Орамен повернулся и увидел, как бригадир тащит провод, сплетенный с другими проводами, проложенными вдоль стены, между световыми приборами. Провод шел вниз и исчезал под деревянным настилом у них под ногами. Другой его конец уходил в туннель, по которому они только что пришли. Воллирда и Баэрта на платформе не было.
Принца одновременно бросило в жар и в холод. Да нет, это глупость какая-то, не может быть! Реагировать непроизвольно — так, как подсказывал инстинкт, — означало выставить себя в глупом свете. Принц должен вести себя величественно, спокойно, мужественно...
Но с другой стороны, о чем он думал только что? Он сошел с ума? Ведь он же принял решение всего несколько минут назад.
Имей мужество выставить себя в глупом свете...
Орамен развернулся, взял Дроффо за плечо и силой развернул его лицом к штольне.
— Идем, — сказал он, подталкивая Дроффо вперед, и начал протискиваться через группу рабочих, ждавших спуска. — Прошу прощения, прошу прощения, позвольте, прошу прощения, спасибо, прошу прощения, — спокойно говорил он.
— Ваше высочество? — услышал он голос Брофта.
Дроффо неохотно волочил ноги.
— Принц, — сказал он, когда они добрались до входа в штольню. И здесь — ни Воллирда, ни Баэрта.
— Беги, — вполголоса сказал Орамен. — Приказываю — беги. Быстрее. — Он повернулся к людям на платформе и закричал: — БЕГИТЕ! БЕГИТЕ ОТСЮДА!
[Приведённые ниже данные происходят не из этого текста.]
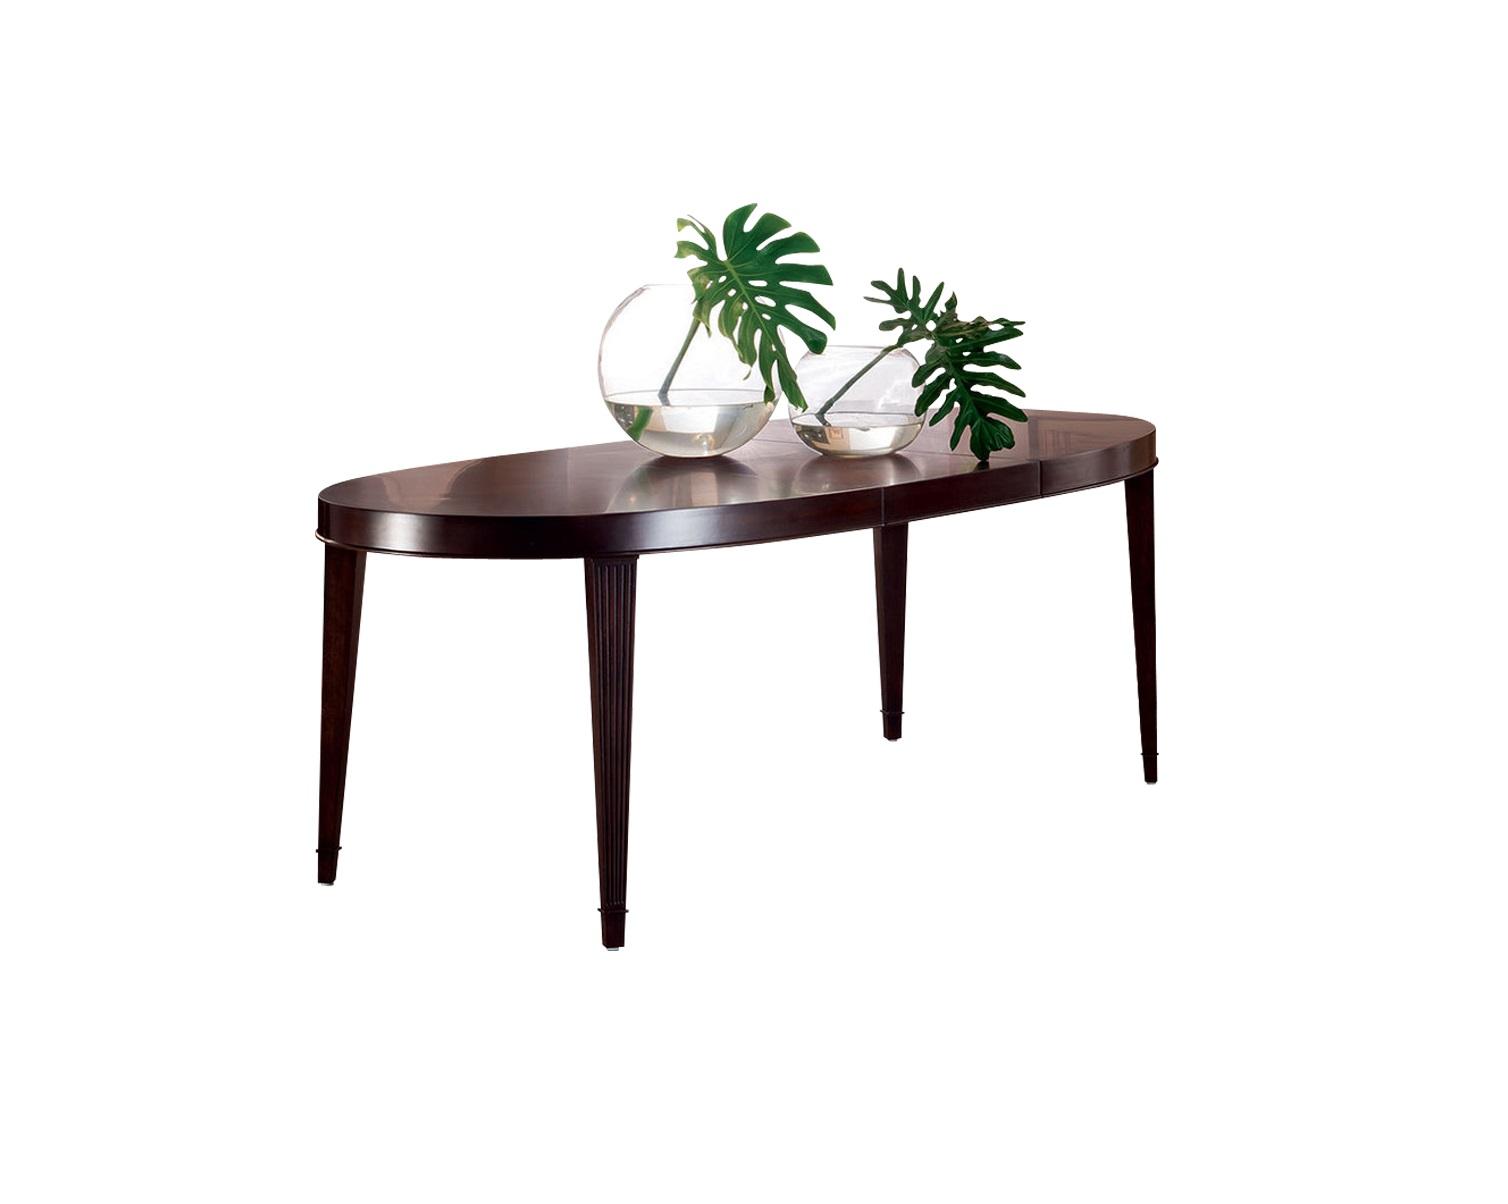 Раздвижной стол MestreОбеденные столы<br>Обеденный раздвижной стол из красного дерева. Благородный темный оттенок и утонченный дизайн делают его изящным, что позволяет стать главным украшением столовой.&amp;lt;div&amp;gt;&amp;amp;nbsp;&amp;lt;/div&amp;gt;&amp;lt;div&amp;gt;За счет раздвижной панели, длина стола увеличивается на 50 см.&amp;lt;/div&amp;gt;<br><br>Material: Дерево<br>Ширина см: 180<br>Высота см: 76<br>Глубина см: 110

Подтолкнув ничего не понимающего Дроффо, Орамен опрометью бросился мимо него вверх по штольне. Деревянные доски гулко откликались и сотрясались под ногами. Несколько мгновений спустя он услышал у себя за спиной стук каблуков Дроффо — то ли граф тоже почуял опасность, то ли, увидев бегущего Орамена, решил, что должен быть рядом с принцем.
«Как медленно мы бежим по сравнению со своими мыслями», — подумал Орамен. Вряд ли он мог бежать быстрее — ноги работали как поршни, руки двигались в такт бегу, легкие затягивали воздух, все действовало инстинктивно, и улучшить что-либо силой воли было невозможно. Но он чувствовал себя обманутым из-за того, что бешено работающий мозг никак не может внести свой вклад в усилия мускулов. Конечно, не исключено, что усилия эти напрасны. С точки зрения логики так и должно быть.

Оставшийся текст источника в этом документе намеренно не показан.